→ **What the task requires**:
Look below for the line containing "Darran + Tim" and the line containing "ORIGINAL VW Zündkerze", then set down both and every line between them exactly, without pictures.

→ **Data to examine**:
+===+

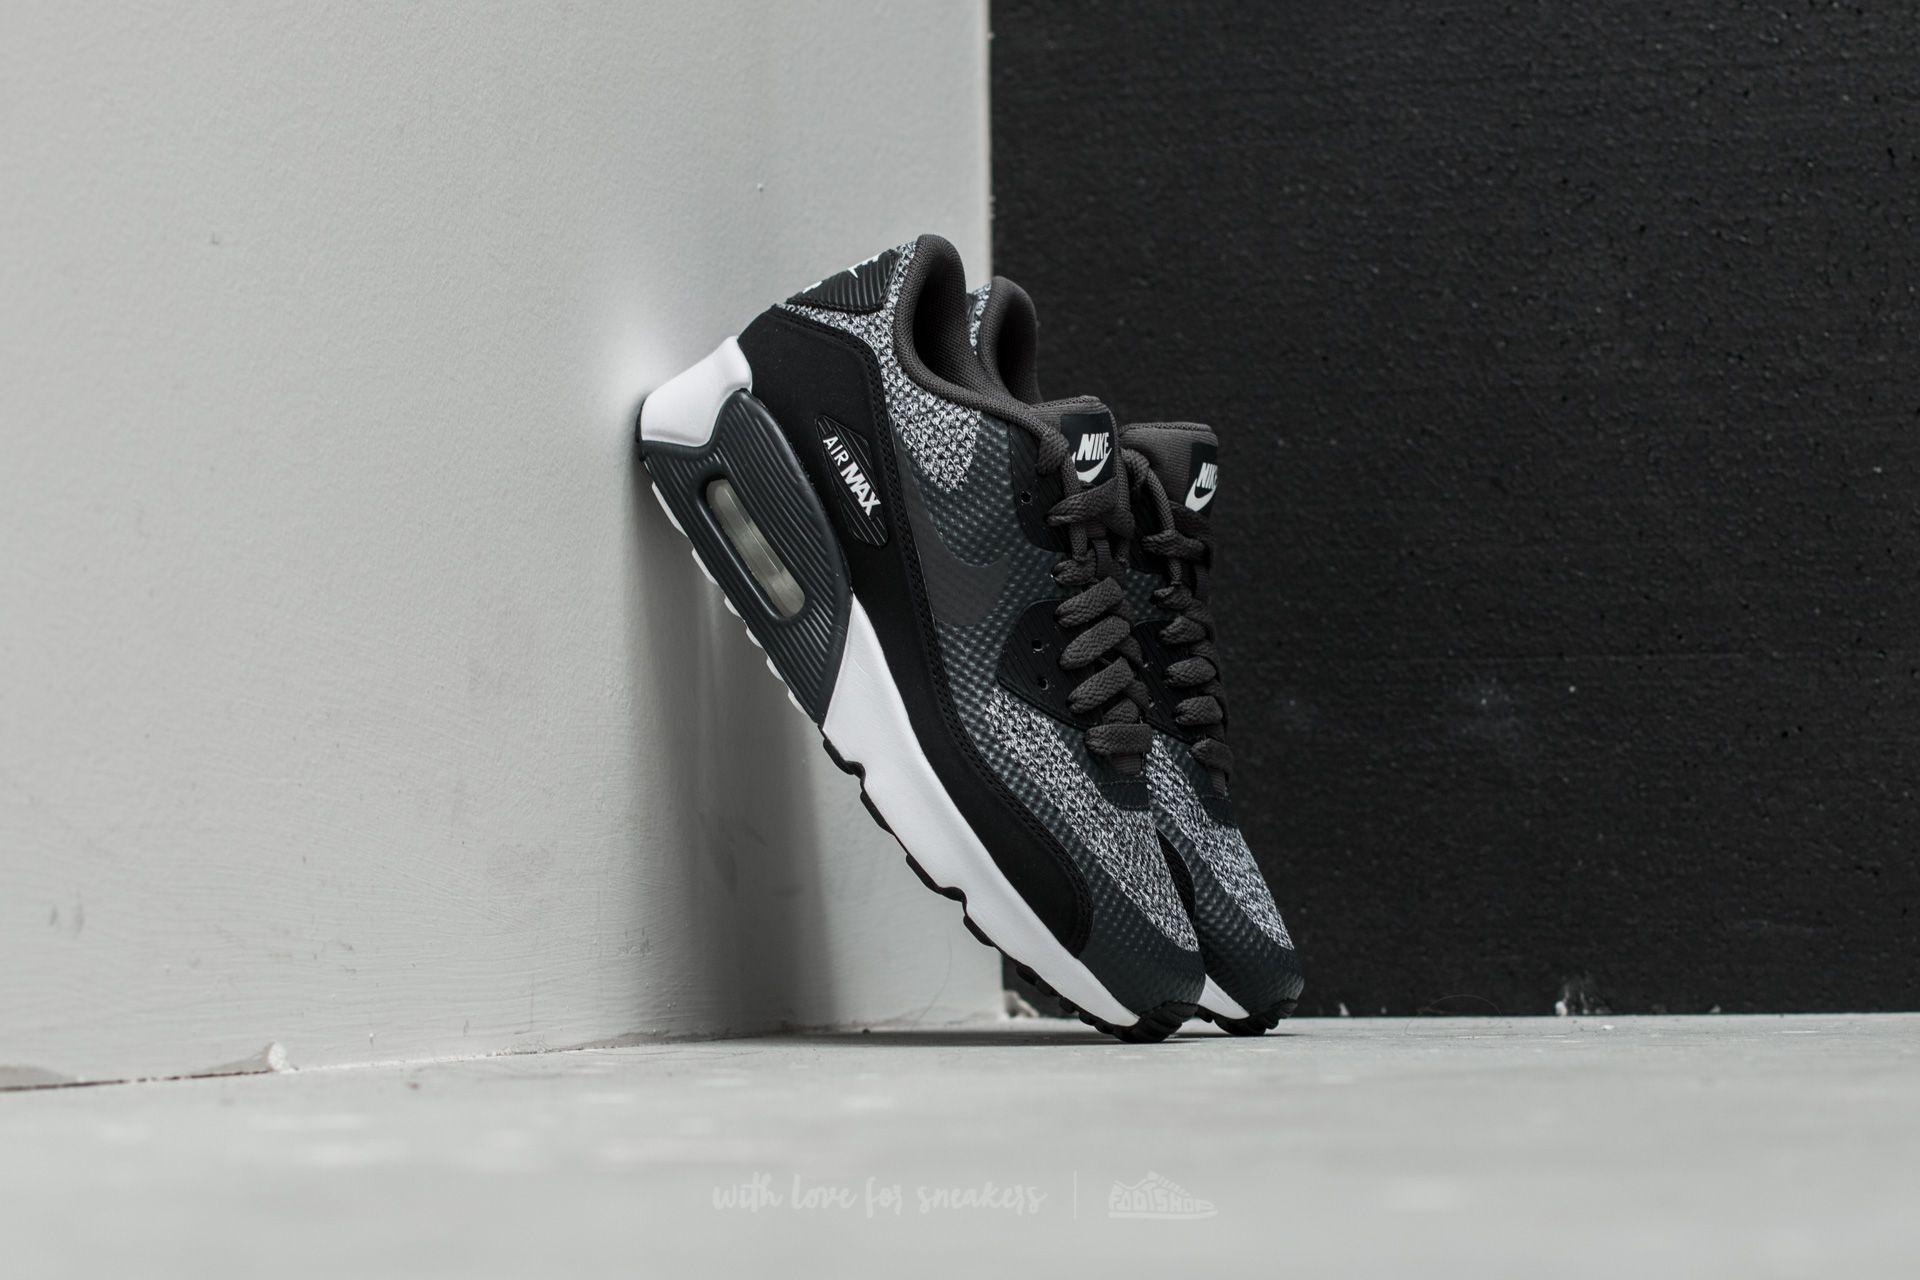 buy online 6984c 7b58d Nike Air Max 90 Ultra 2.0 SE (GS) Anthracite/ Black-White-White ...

+===+

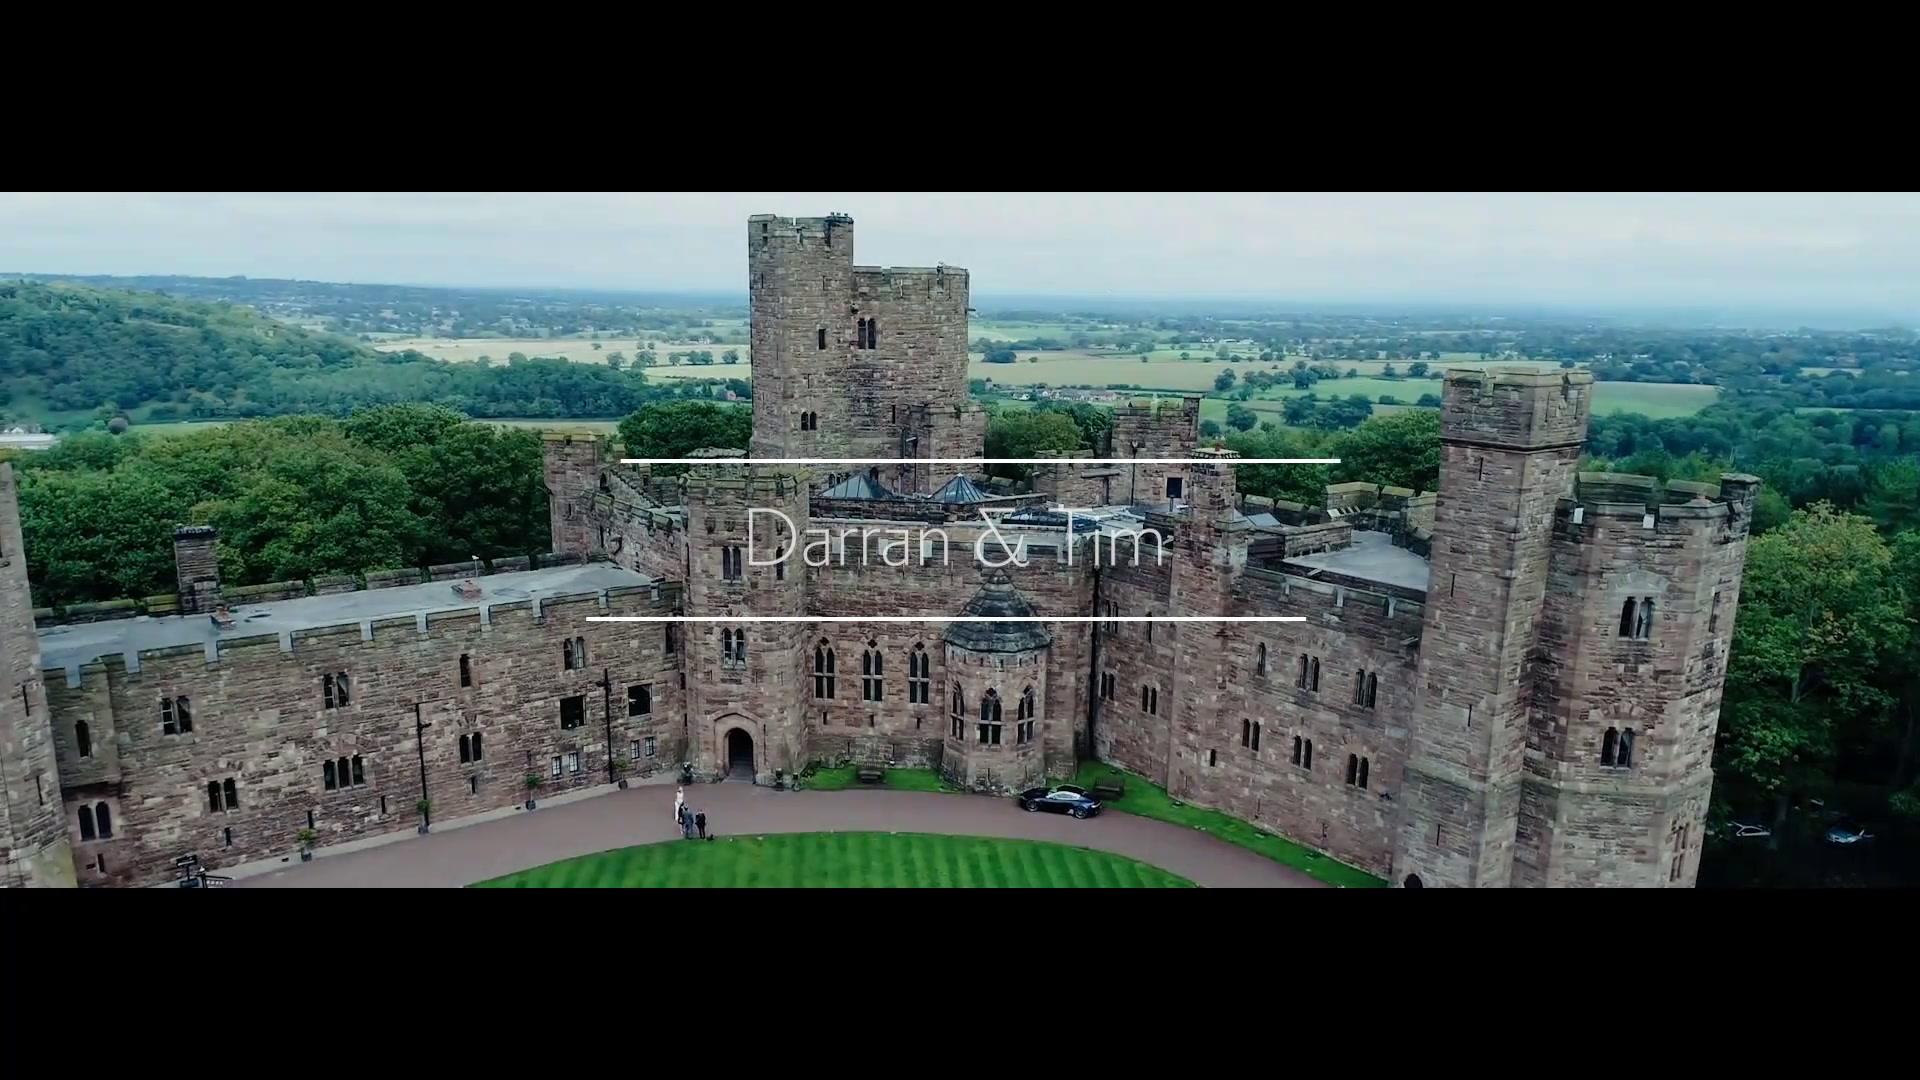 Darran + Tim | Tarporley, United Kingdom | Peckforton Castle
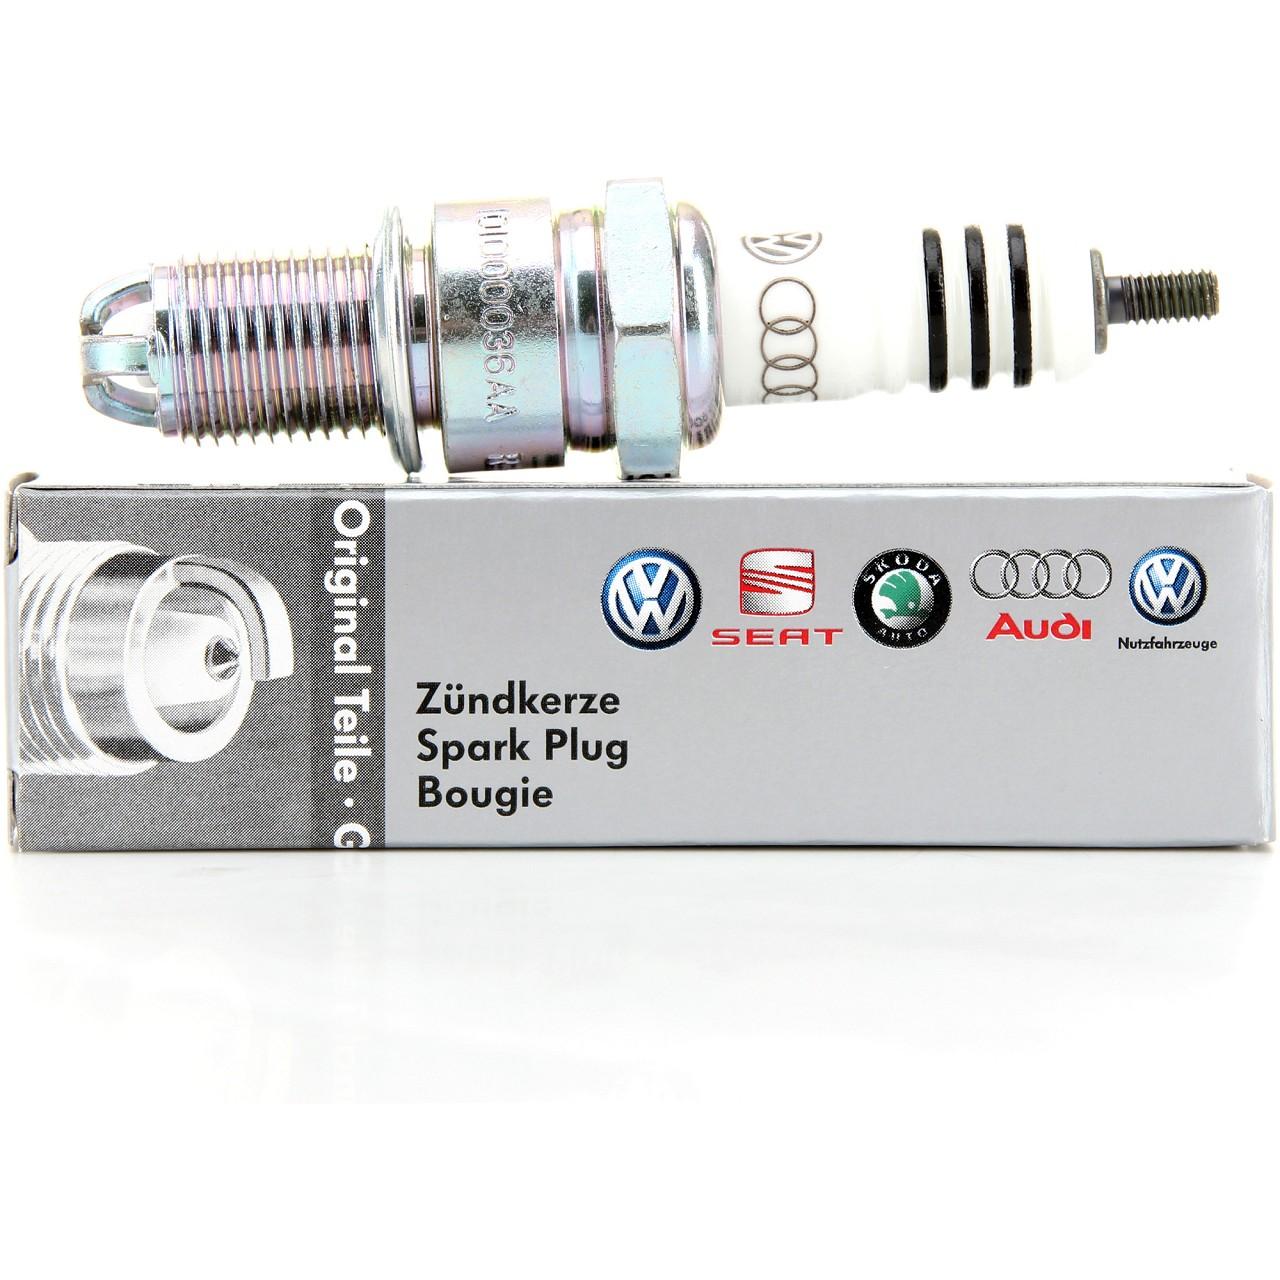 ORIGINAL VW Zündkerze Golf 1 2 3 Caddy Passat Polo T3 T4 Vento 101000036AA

+===+

→ **Solution for this exercise**:
 Darran + Tim | Tarporley, United Kingdom | Peckforton Castle
 ORIGINAL VW Zündkerze Golf 1 2 3 Caddy Passat Polo T3 T4 Vento 101000036AA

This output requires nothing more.